The result: a self-improving scientific intelligence that trains on what it actually discovers about the world — real causal relationships from live data, validated by recursive architecture, guided by stigmergic memory.

Nobody has built this before. See CHARTER.md for the full architecture.


The Big Idea

Every other LLM is trained on:

  • What humans wrote on the internet (web scrapes, Wikipedia)
  • Synthetic data generated by another LLM (GPT-4 distillation)
  • Human-curated datasets (expensive, frozen at curation time)

atlas-7b is trained on:

  • What an autonomous science engine actually discovers about the world
  • Real causal relationships extracted from live NASA, WHO, World Bank APIs
  • Validated findings with Bayesian confidence scores and PC/FCI causal inference
  • A corpus that grows every 10 seconds and never contains stale or duplicated information

This is not a better fine-tuning recipe. This is a different paradigm for what training data can be.
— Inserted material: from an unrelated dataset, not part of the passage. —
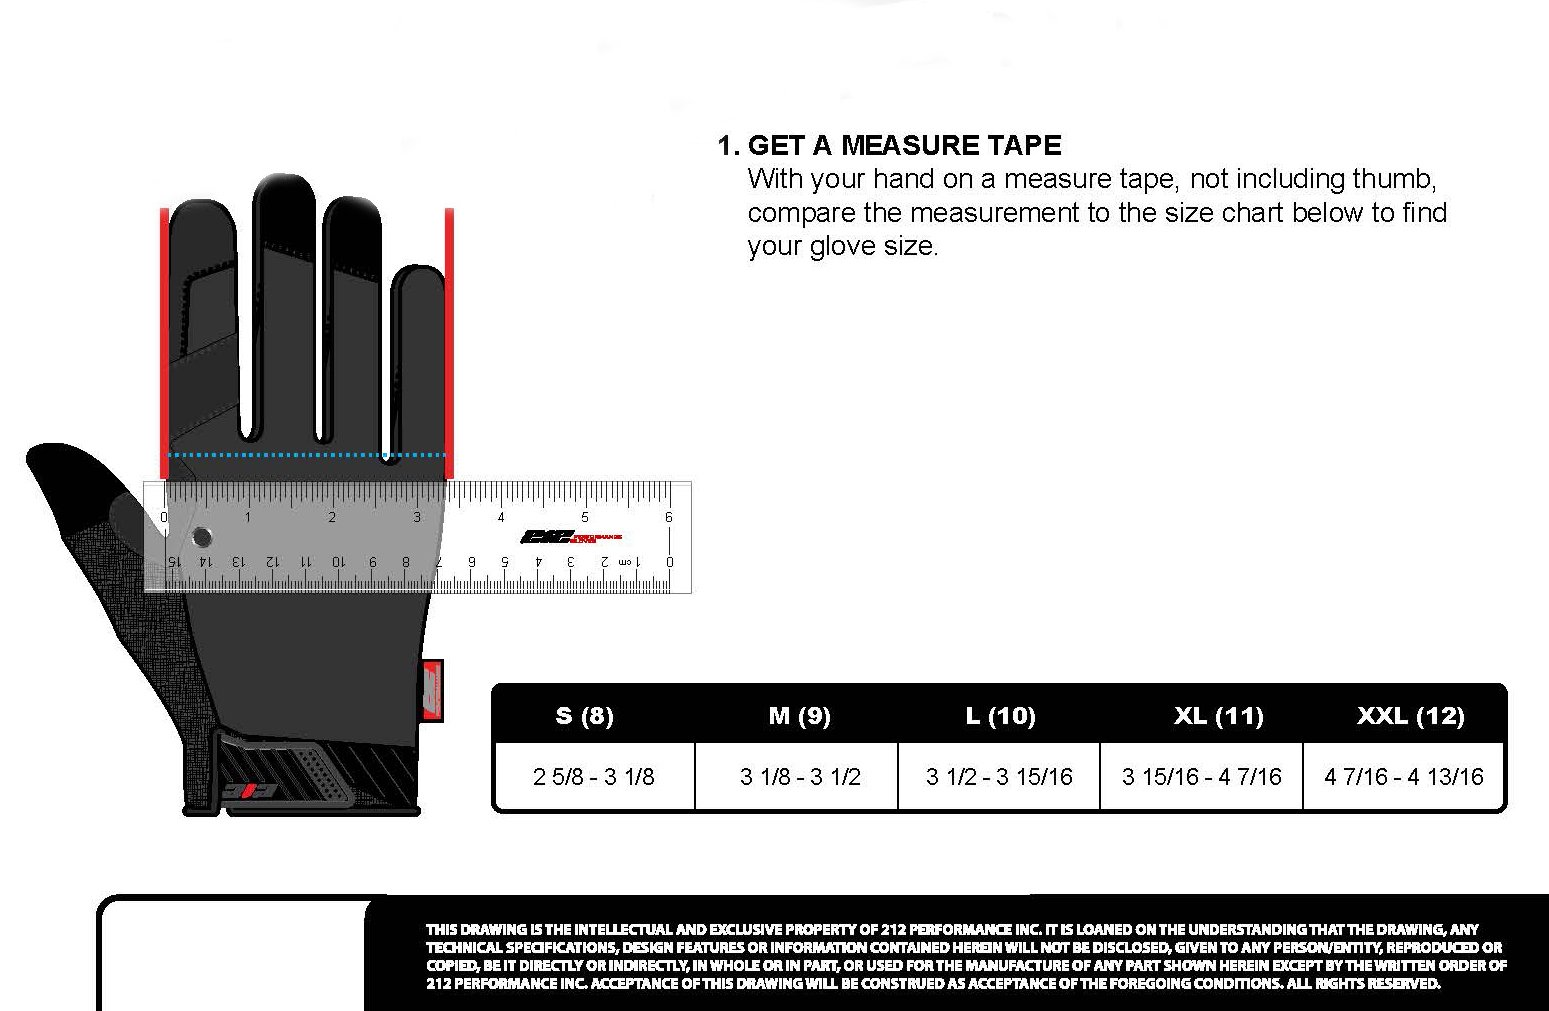 212 Performance Gloves IMP-88-009 Super Hi-Vis Impact Gloves, Medium by 212 Performance Gloves (Image #7)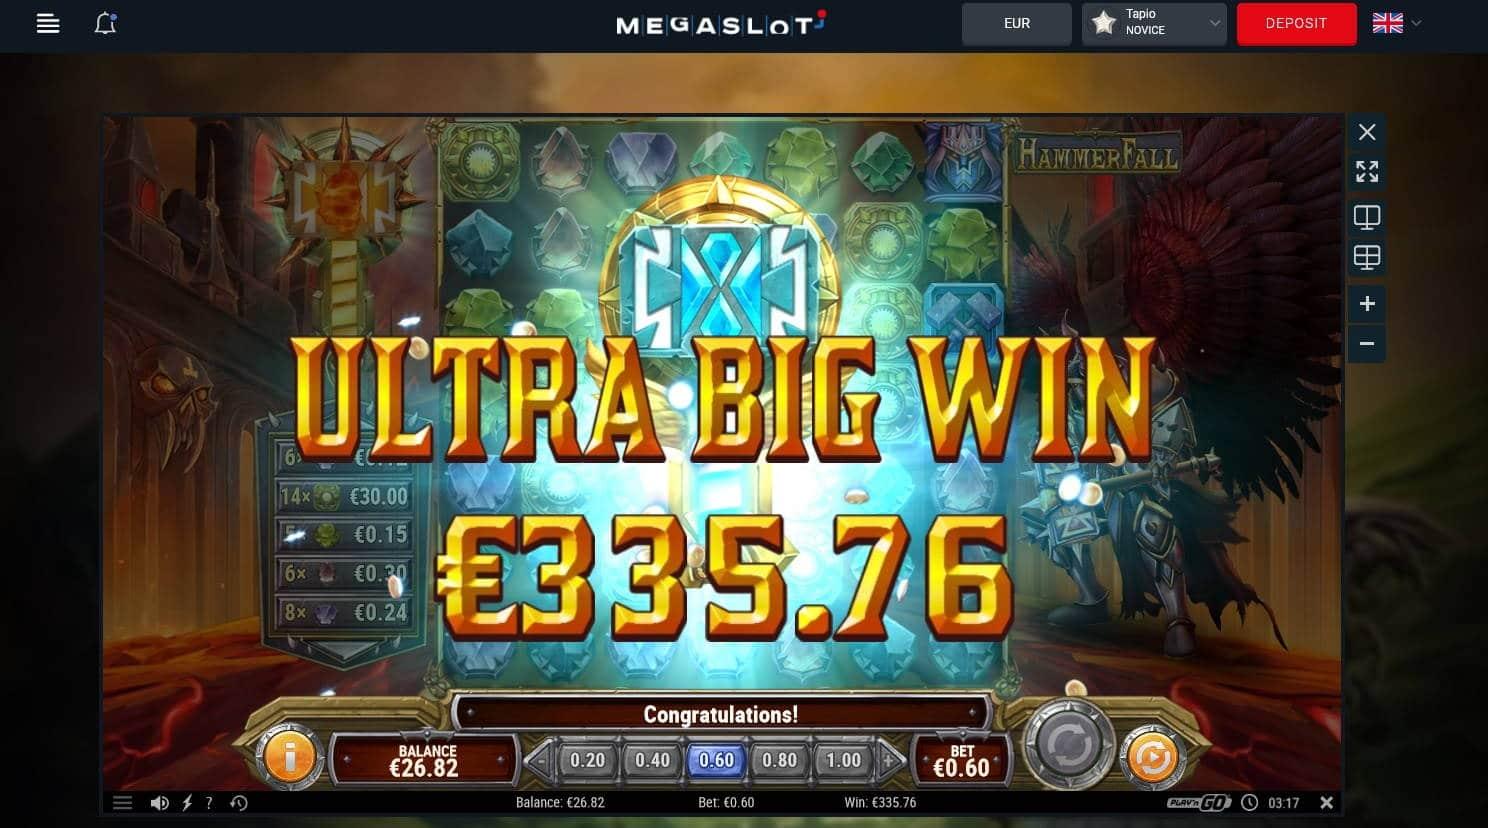 Hammerfall Casino win picture by MrMork 16.5.2021 335.76e 560X MegaSlot

Pure Rust — Zero Dependencies

The SQLite principle applied to AI infrastructure.

atlas/
├── Cargo.toml          # workspace root — [dependencies] is empty by design
├── kernels/
│   ├── matmul.cu       # raw CUDA kernel (no cudarc crate)
│   ├── attention.cu    # flash attention from scratch
│   └── quant.cu        # INT4/INT8 quantization
└── crates/
    ├── atlas-core/     # error types, traits, config
    ├── atlas-tensor/   # Tensor + CUDA FFI (the seed of everything)
    ├── atlas-grad/     # autograd tape, backward pass
    ├── atlas-optim/    # AdamW, cosine LR scheduler
    ├── atlas-quant/    # INT4/INT8 quantization, QLoRA
    ├── atlas-model/    # transformer: MultiHeadAttn, FFN, RMSNorm, RoPE
    ├── atlas-tokenize/ # BPE tokenizer (sentencepiece port)
    ├── atlas-palace/   # GraphPalace stigmergic memory: A* search, 5-type pheromones, Active Inference
    ├── atlas-mcp/      # MCP server: 28 palace tools via JSON-RPC 2.0 stdio + connection pool
    ├── atlas-api/      # OpenAI-compatible HTTP endpoint: /v1/chat/completions, SSE streaming
    ├── atlas-trm/      # TRM-CausalValidator (7M params, arXiv:2510.04871)
    ├── atlas-causal/   # PC/FCI causal inference (py-causal port)
    ├── atlas-bayes/    # Bayesian confidence scoring
    ├── atlas-astra/    # ASTRA OODA engine (~8K LOC, full port)
    ├── atlas-corpus/   # LiveDiscoveryCorpus + DeepSupervisionTrainer + quality gates
    ├── atlas-zk/       # ZK Schnorr proofs (asi-build port)
    ├── atlas-http/     # HTTP client via raw libc syscalls
    ├── atlas-json/     # JSON parser from source
    ├── atlas-safety/   # Horn-clause safety constitution, 5-state FSM, CircuitBreaker
    ├── atlas-bridge/   # ZK-attested Rings↔ETH interface (Sepolia-compatible)
    └── atlas-cli/      # CLI: train / discover / eval / prove / mcp / api / bench

21 crates. One coherent system. Zero external Rust dependencies.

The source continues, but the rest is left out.